TAX TIME REMINDS AMERICANS ABOUT GOVERNMENT'S COST

April 7, 2006
At this time of year more than any other, Americans feel the costs of government.

Bob Tippee
Editor

At this time of year more than any other, Americans feel the costs of government.

By Apr. 15, Americans with income must produce documents guessing at their 2005 tax liabilities, along with whatever payments may be in order. They guess because lawmakers doing favors for narrow interests have made an impenetrable hash of tax law.

Many Americans employ specialists to sort it all out and might not notice how perplexing tax preparation has become. Most who do notice steam about it awhile only to retreat into their own, more comprehensible affairs until reminded again the following April.

Meanwhile, the army of tax specialists grows, never losing its focus on the exemption-riddled, means-tested, endlessly cross-referenced confusion on which it feeds, ready to lobby any suggestion for change into oblivion.

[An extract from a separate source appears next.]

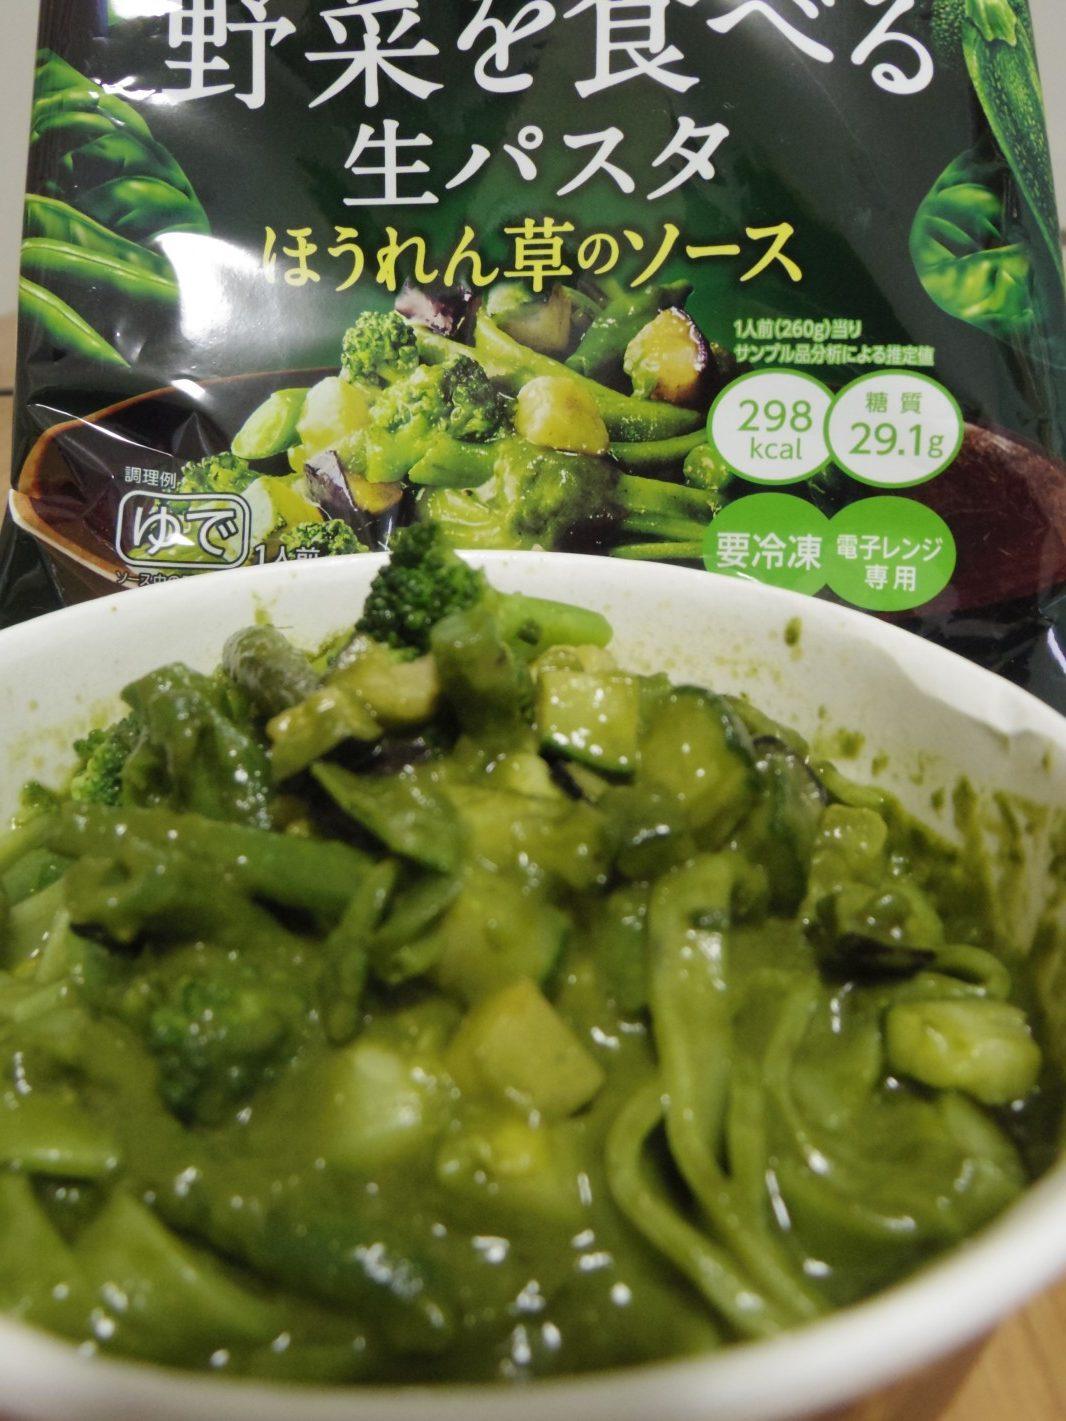 「野菜を食べる」 確かに、パスタとソースも含めてかつてない野菜感。紙トレー入り商品です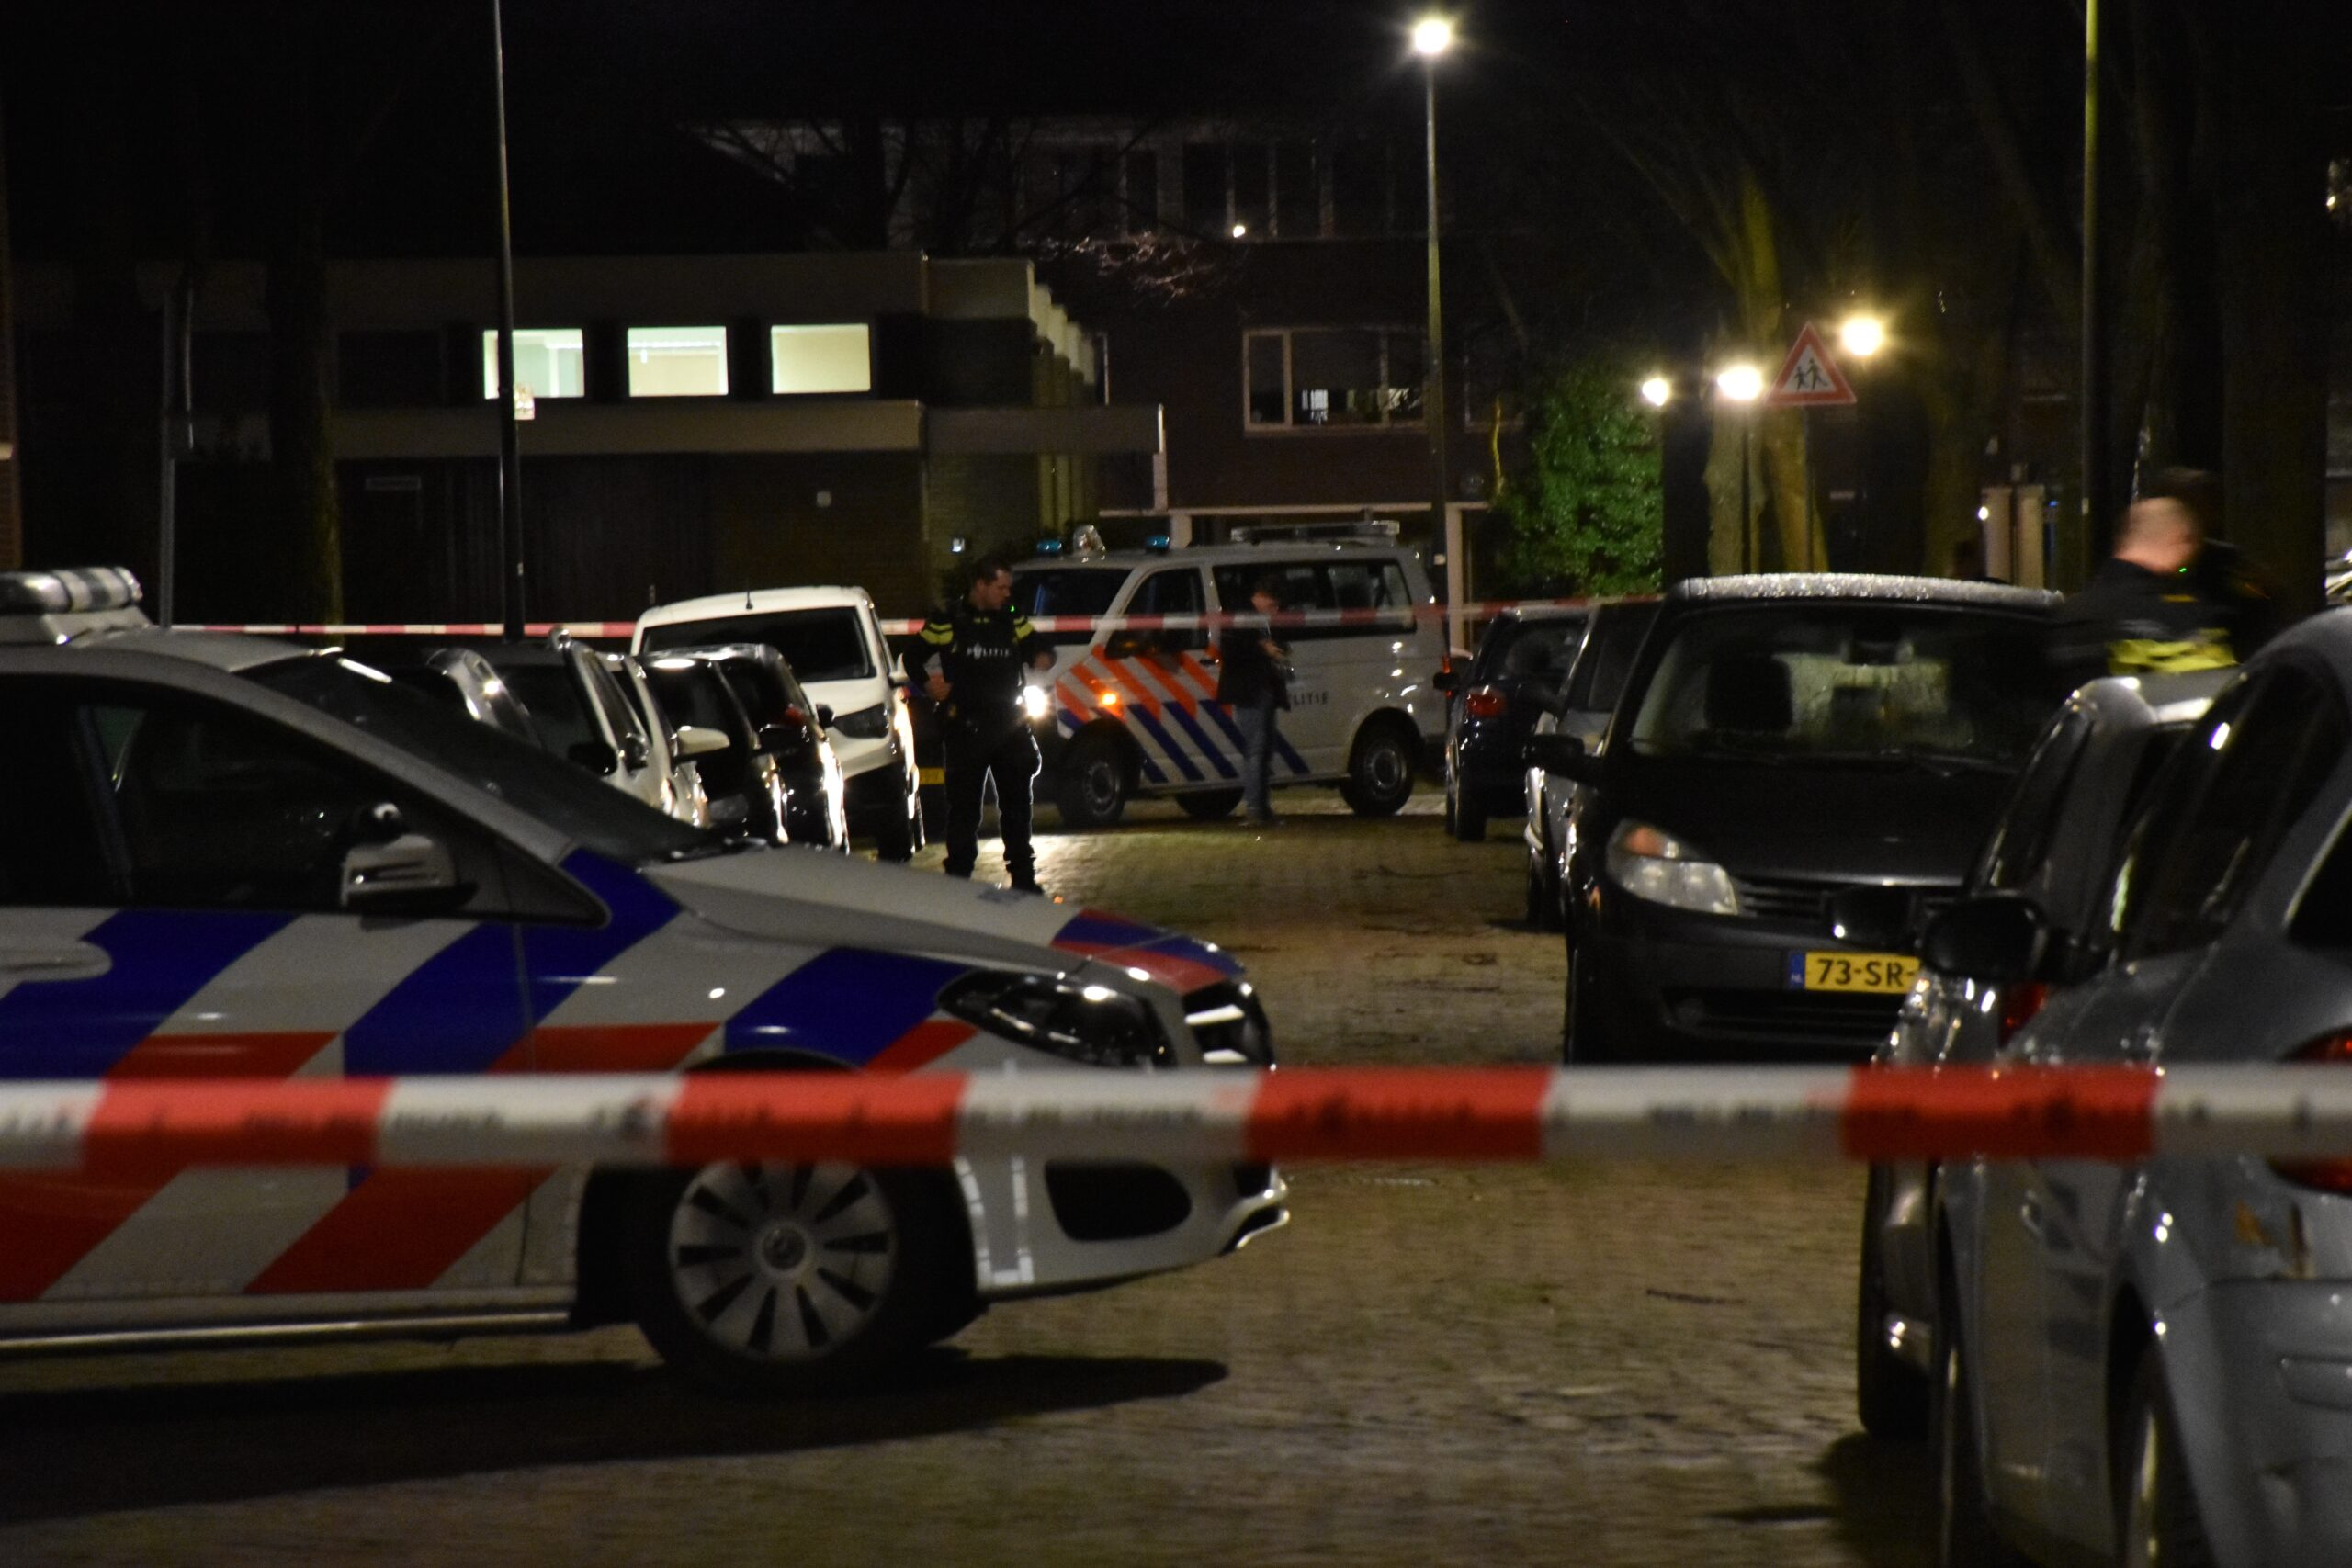 Politie onderzoekt mogelijke schietpartij na ruzie in Rijswijk

Angry yet? Good. This item is about how much Congress—author of the Tax Code—will cost the US Treasury with its ethanol mandate for gasoline.

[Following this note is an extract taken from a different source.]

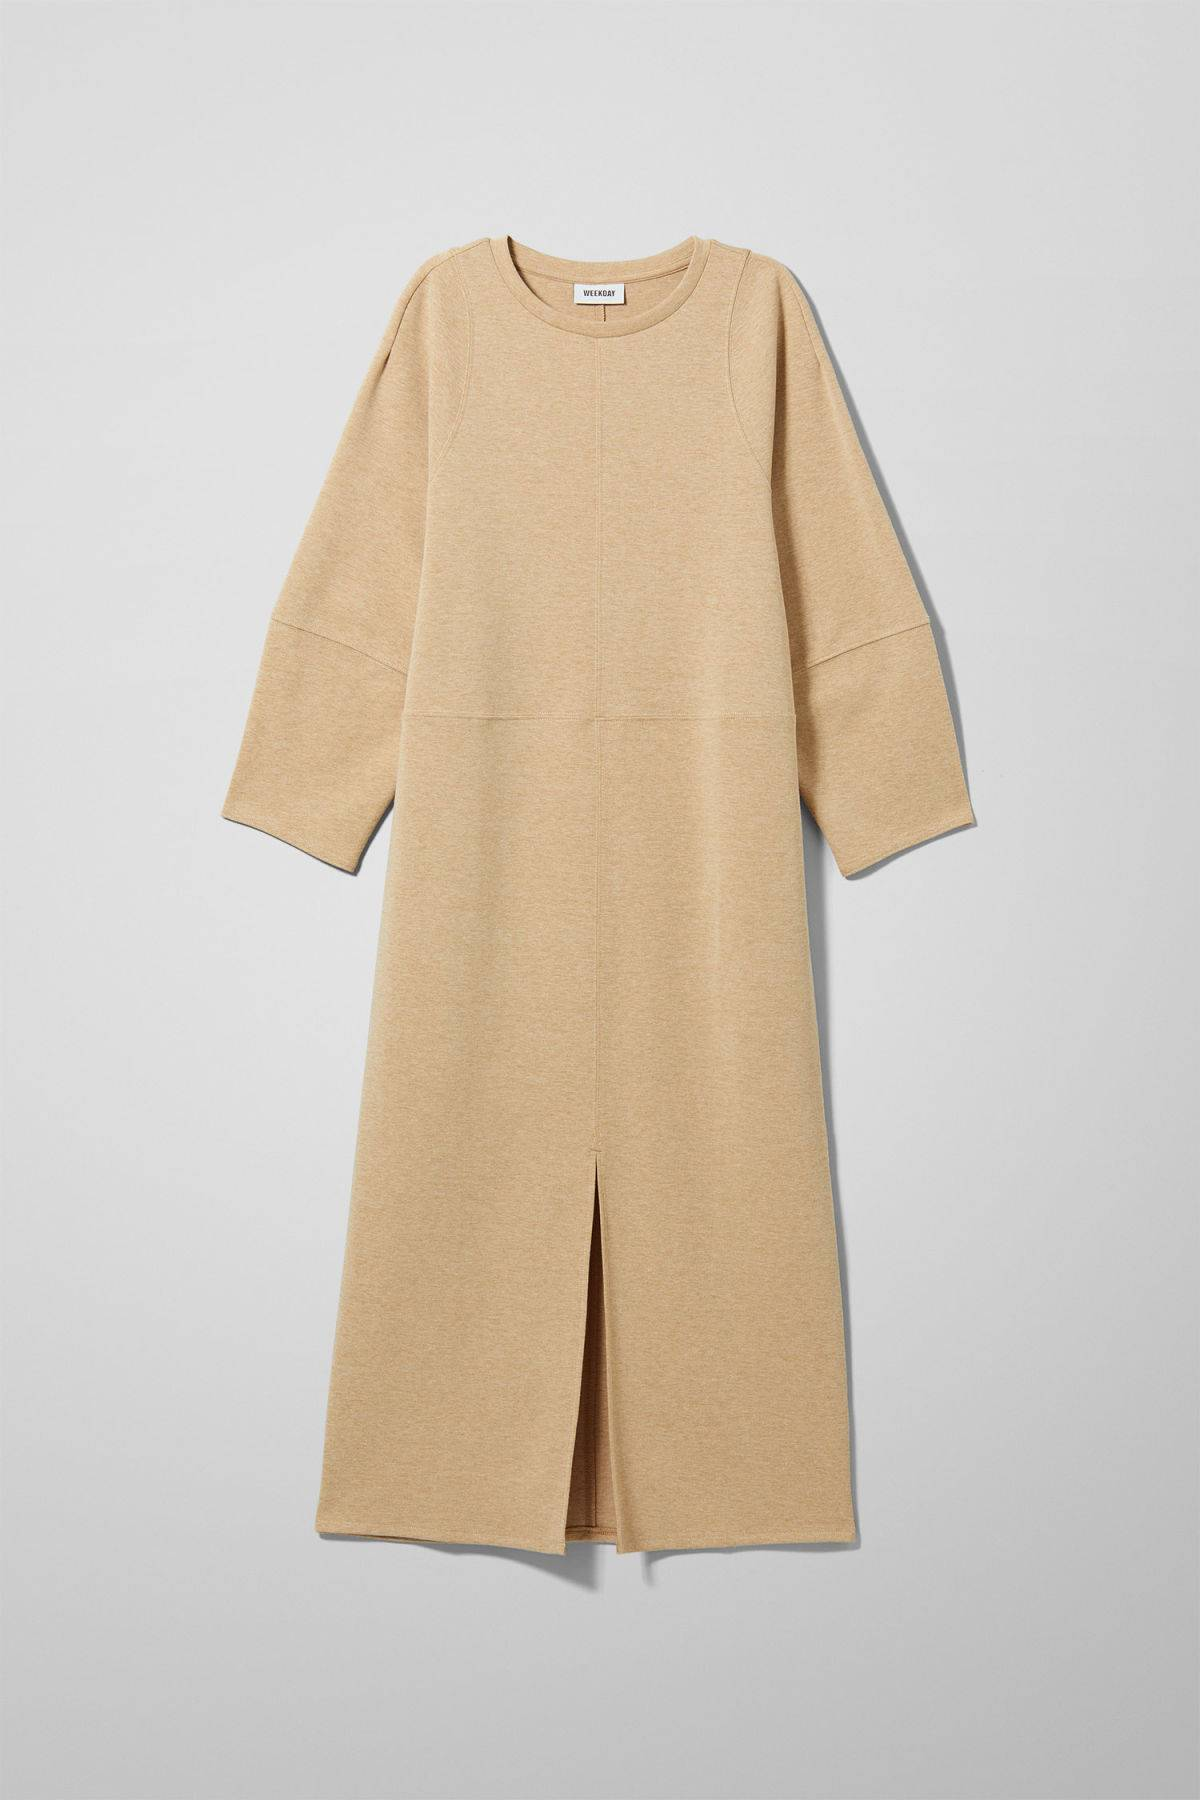 Rena Dress - Beige

In a footnote to a report issued last July, the US Energy Information Administration calculated that every gallon of fuel ethanol reduces federal excise tax revenue by 44.9¢. A gallon of ethanol displaces two thirds of a gallon of gasoline and enjoys a tax benefit of a net 32.6¢. That's the difference between the federal gasoline excise of 18.4¢ and the ethanol tax credit of 51¢. Adding 12.3¢ of federal tax forgone on two thirds of a gallon of gasoline yields 44.9¢.

The Energy Policy Act of 2005 requires fuel ethanol sales of 4 billion gal in 2006, 4.7 billion gal in 2007, 5.4 billion gal in 2008, 6.1 billion gal in 2009, 6.8 billion gal in 2010, 7.4 billion gal in 2011, and 7.5 billion gal in 2012.

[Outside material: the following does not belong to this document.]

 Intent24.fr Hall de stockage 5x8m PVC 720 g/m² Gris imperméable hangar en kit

That's 41.9 billion gal during the mandate's phase-in for a reduction in federal revenue of $18.8 billion, an average of $2.7 billion/year. After 2011, the cost is $3.4 billion/year.

Against the whole federal budget, that's not much. But the government won't do without the money.

And it's money Americans otherwise could put to productive use such as paying strangers to guess how much tax they owe.